Figure 8, Rolex endorsements (Google, 2016)
Rolex make extensive use of endorsements through sporting stars and musicians with emotive statements to support the aspiration characteristics of the brand, Berens, et al’s (2005) research found that when the brand was not dominant in the message and was used in an endorsed strategy customer attitudes would be significantly more positive towards the brand.

Although a brand has very high brand equity does not mean customers plan to purchase or importantly can afford to purchase (Penz & Stöttinger, 2012). But they may still aspire to purchase, and so persons who do not intend to become customers are still important as they still create dialogue about the brand, generating aspirational value and perceived quality.
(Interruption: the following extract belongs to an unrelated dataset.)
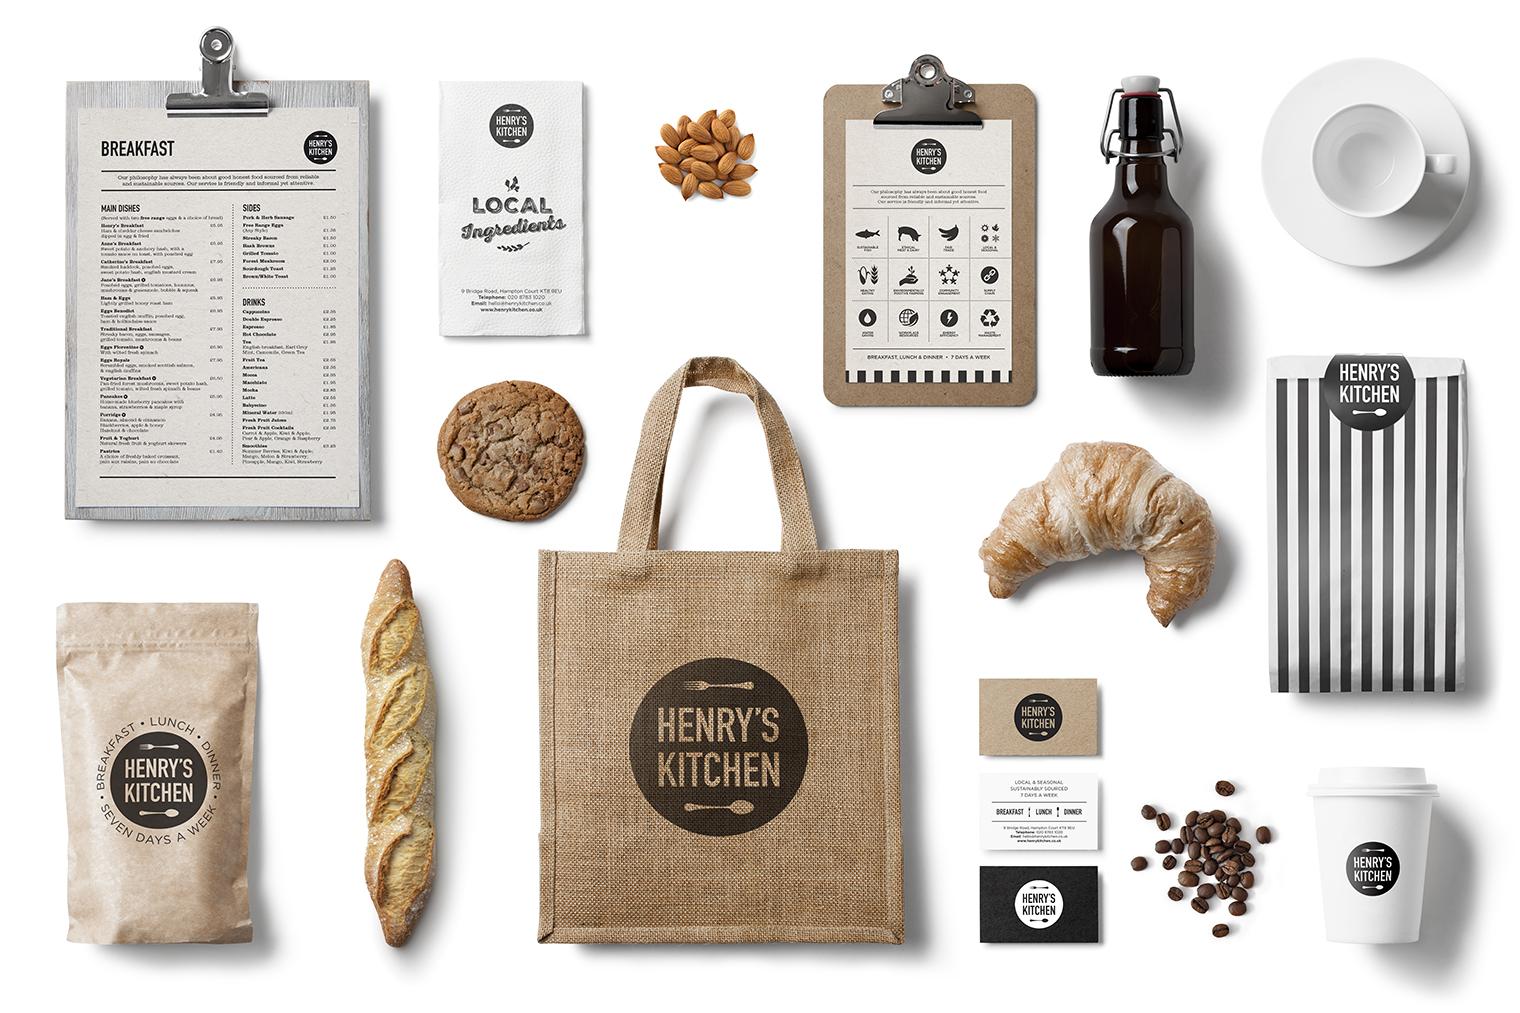 Henrys Kitchen Selection of branded items

Luxury brands such as Cartier, Rolex, and Hermes maintain active social media presence to stimulate dialogue around their brands, even though the majority of persons interacting with them may not be able to afford the products.
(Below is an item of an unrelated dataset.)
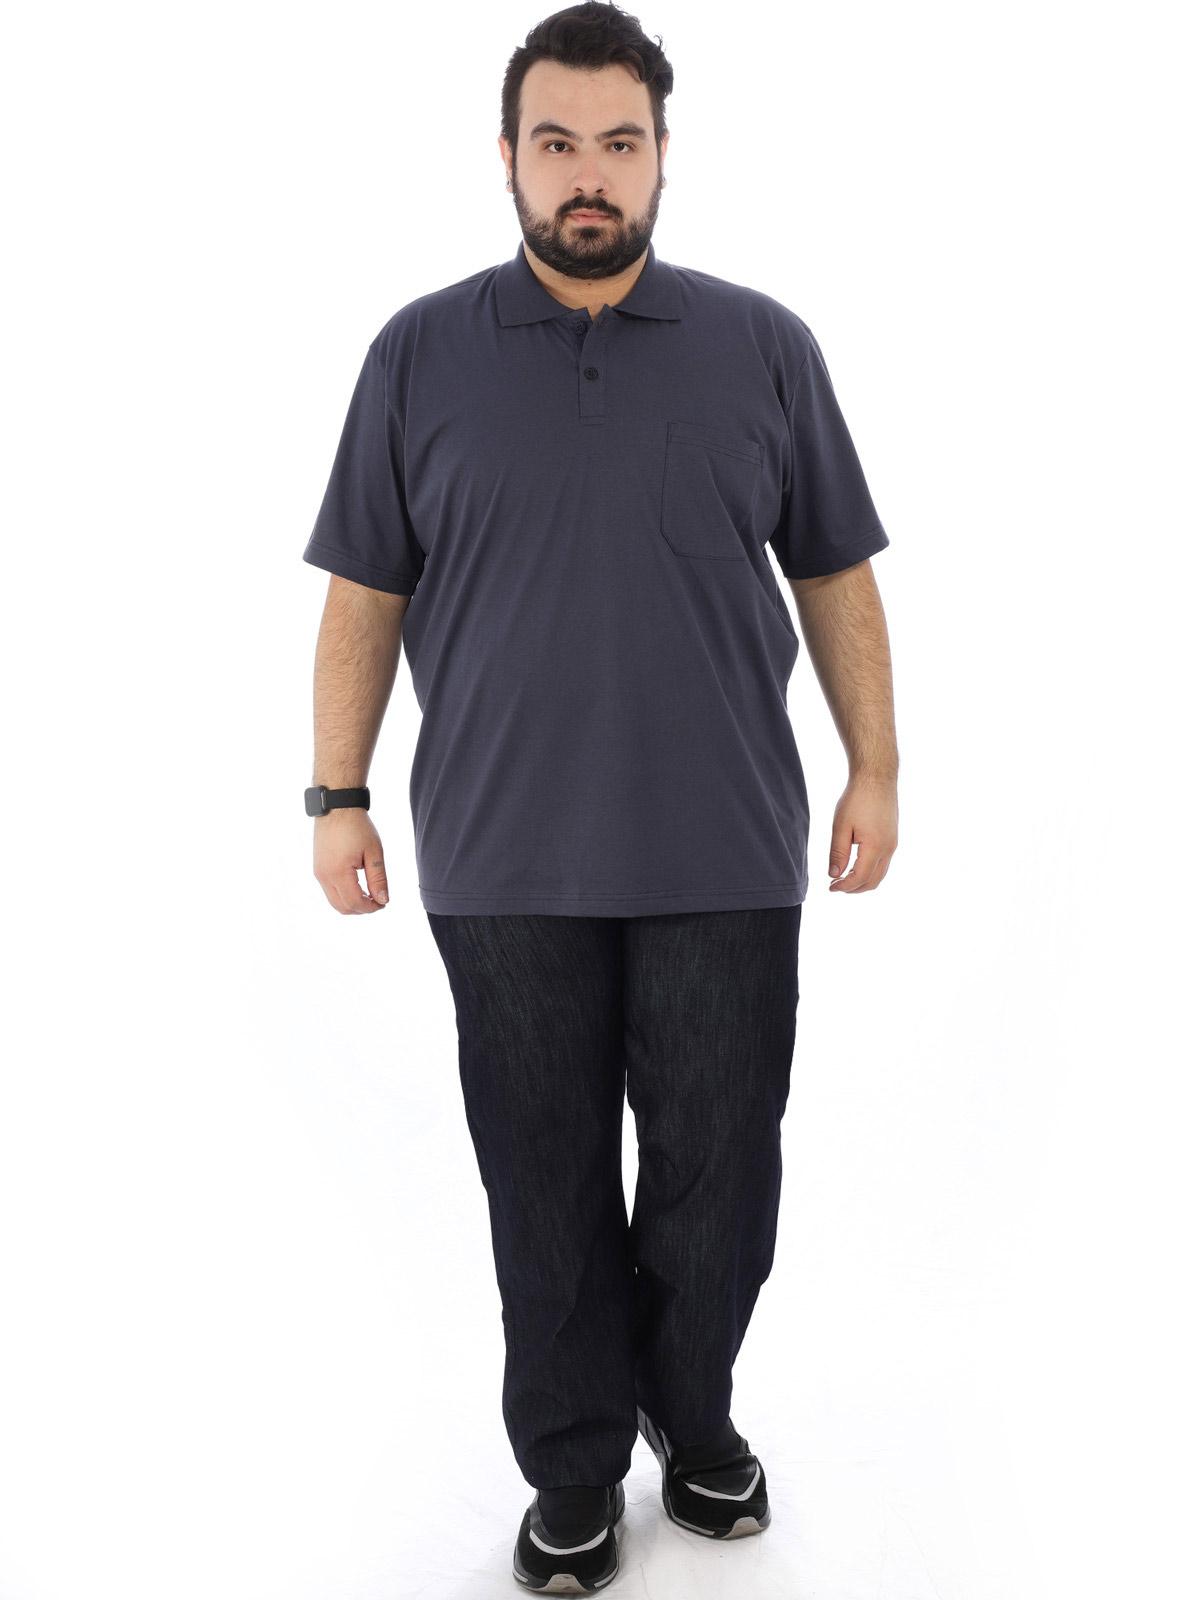 Camisa Polo Plus Size Masculina com Bolso Basica Grafite

From customer service to the digital journey to retail ambiance, customers’ associations with a brand are based on how it makes them feel. “One of the most important things to understand about a brand is that its value is highly individualised. A customer might grow tired of a brand, or more captivated, independent of how other customers are responding to it.” (Rust, et al., 2004).

Keller and Roberts have not disposed the concepts of brand equity, rather they argue that in building a brand the traditional approaches are no longer valid in a globalised world which has been accelerated with the advent of the internet and its ability to share information across time zones and cultures in an instant.

Being able to push out an extensive marketing message used to be a barrier to entry, but social media marketing is levelling the field, brands no longer need large budgets to impart their messages and this phenomenon is creating a more competitive environment as smaller or previously niche brands are challenging incumbent large brands.

With more than third of global web traffic in 2015 via mobile devices, and expected to rise by 5% annually (Kemp, 2016), brands are competing for attention within a limited screen sizes, which makes succinct messages all the more important.

Reasons (benefits) lead to a conclusion a customer draws about a product, whereas emotion leads to action. The direct product involvement by customers may be considered to considerably influence brand loyalty, and thus control any equity related to the brand.

Selling activities have evolved from shouting a message at a customer, to initiating, and maintaining a dialogue with customers individually. Building Brand Equity is evolving marketing from a return on investment model to fetching return on involvement with the customer.